The Center, along with the National Consumer Law Center, Public Justice, and the Jerome N. Frank Legal Services Organization at Yale Law School, filed one of only two amicus briefs in this case. Our brief provided context for the case, presenting an exploration of the multifarious federal programs in which the government, often in the role of lender, serves as the furnisher of information on credit reports. The brief supports the plaintiff consumer’s argument – and the Court’s ultimate conclusion – that the federal Fair Credit Reporting Act (FCRA) waives federal sovereign immunity.
The need to hold the government accountable for its errors is acute. As the nation’s largest creditor and employer, the U.S. government routinely uses credit data and furnishes it to the Big Three credit reporting agencies: TransUnion, Equifax, and Experian. Writing for the Court, Justice Gorsuch described the importance of credit reports succinctly in the first sentence of the opinion: “A credit report can determine everything from whether a person can secure a credit card, purchase a home, win a new job, or start a small business.” Mistakes on credit reports, therefore, can have devastating consequences. As the Court explained later in the opinion – echoing precisely the arguments raised in our brief – mistakes can “lead lenders to insist on higher interest rates or other terms that make it difficult or impossible for consumers to obtain a mortgage, auto loan, student loan, or other credit.”
The FCRA accordingly places careful guardrails on, in the words of the statute, “persons” that use and furnish credit data, and authorizes private lawsuits against those “persons” for money damages to deter violations and compensate victims of credit reporting errors. The federal government, however, has long claimed that it cannot be sued under FCRA because Congress had not explicitly waived federal sovereign immunity in that statute.
Thursday, in a major victory for consumers, the Supreme Court repudiated the government’s position, concluding that the plain text of FCRA unequivocally waives federal sovereign immunity. The Court explained that FCRA’s definition of a covered “person” who can sue for damages under the law, which includes “government or governmental subdivision or agency,” unambiguously applies to the federal government. The statute’s use of the terms “government or governmental . . . agency” suffices as a waiver of sovereign immunity; as the Court concluded, “that is the end of the matter.” The Court then proceeded to dispense with the government’s various arguments to the contrary.
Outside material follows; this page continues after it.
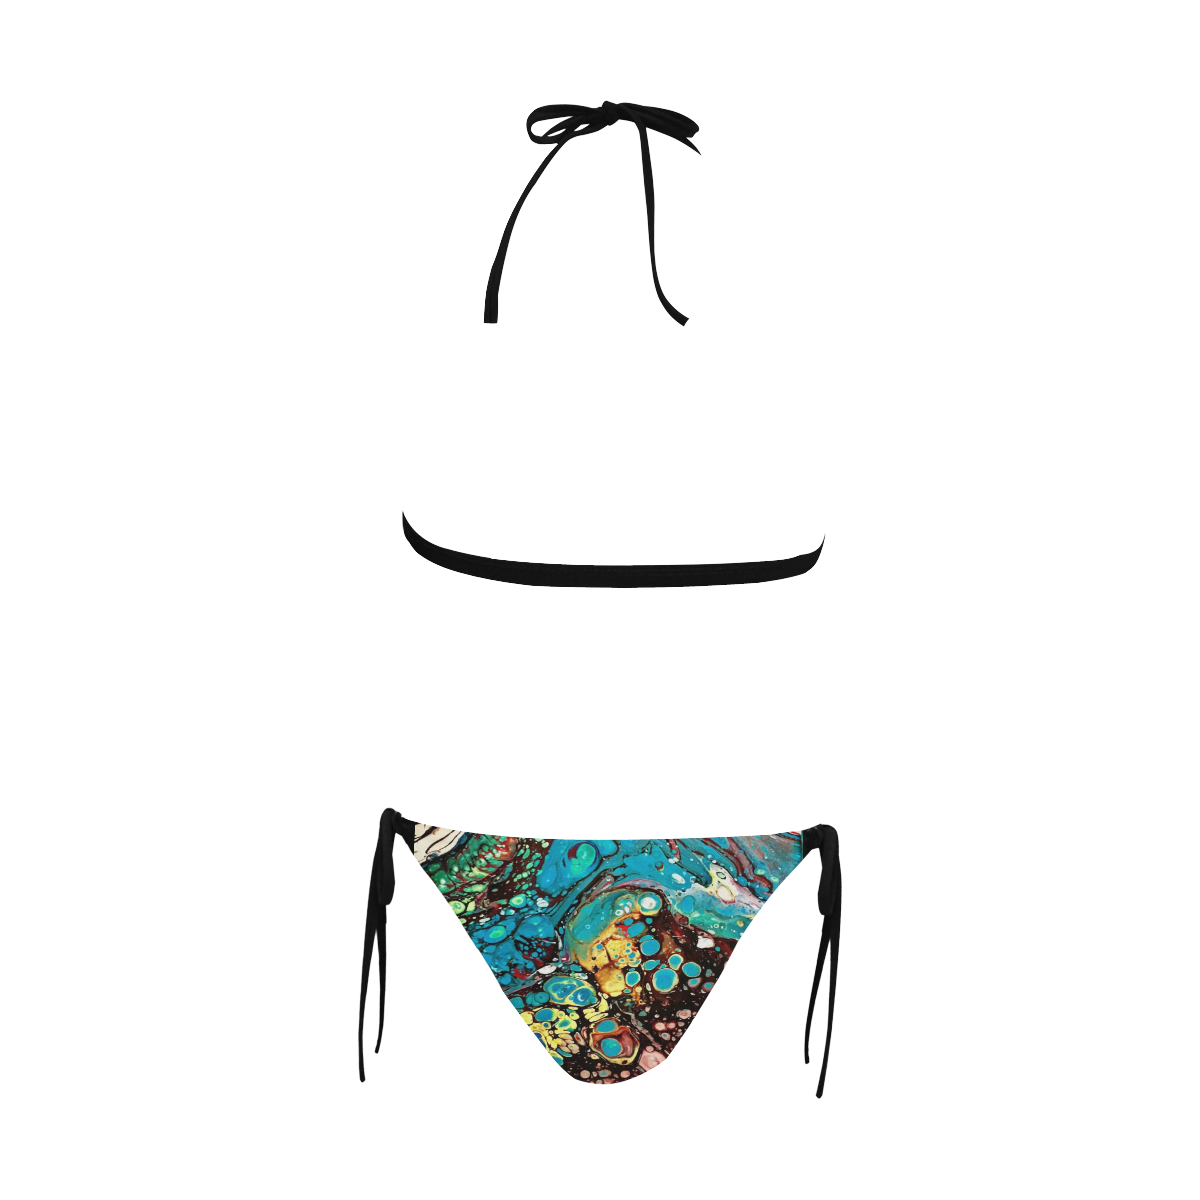 Coral Ocean bathing suit Buckle Front Halter Bikini Swimsuit (Model S08)

The decision is a signal victory for consumers. The FCRA provides some of the most important federal statutory protections for consumer privacy and the accuracy of credit information. The Court’s ruling vindicates the principle that the federal government is not above the law (at least, unless it has put itself there), and that the FCRA remains a potent aegis shielding consumers.
The Center congratulates petitioner Reginald Kirtz and his counsel at Public Citizen and Weisberg Law for the important, groundbreaking win for consumers across the country.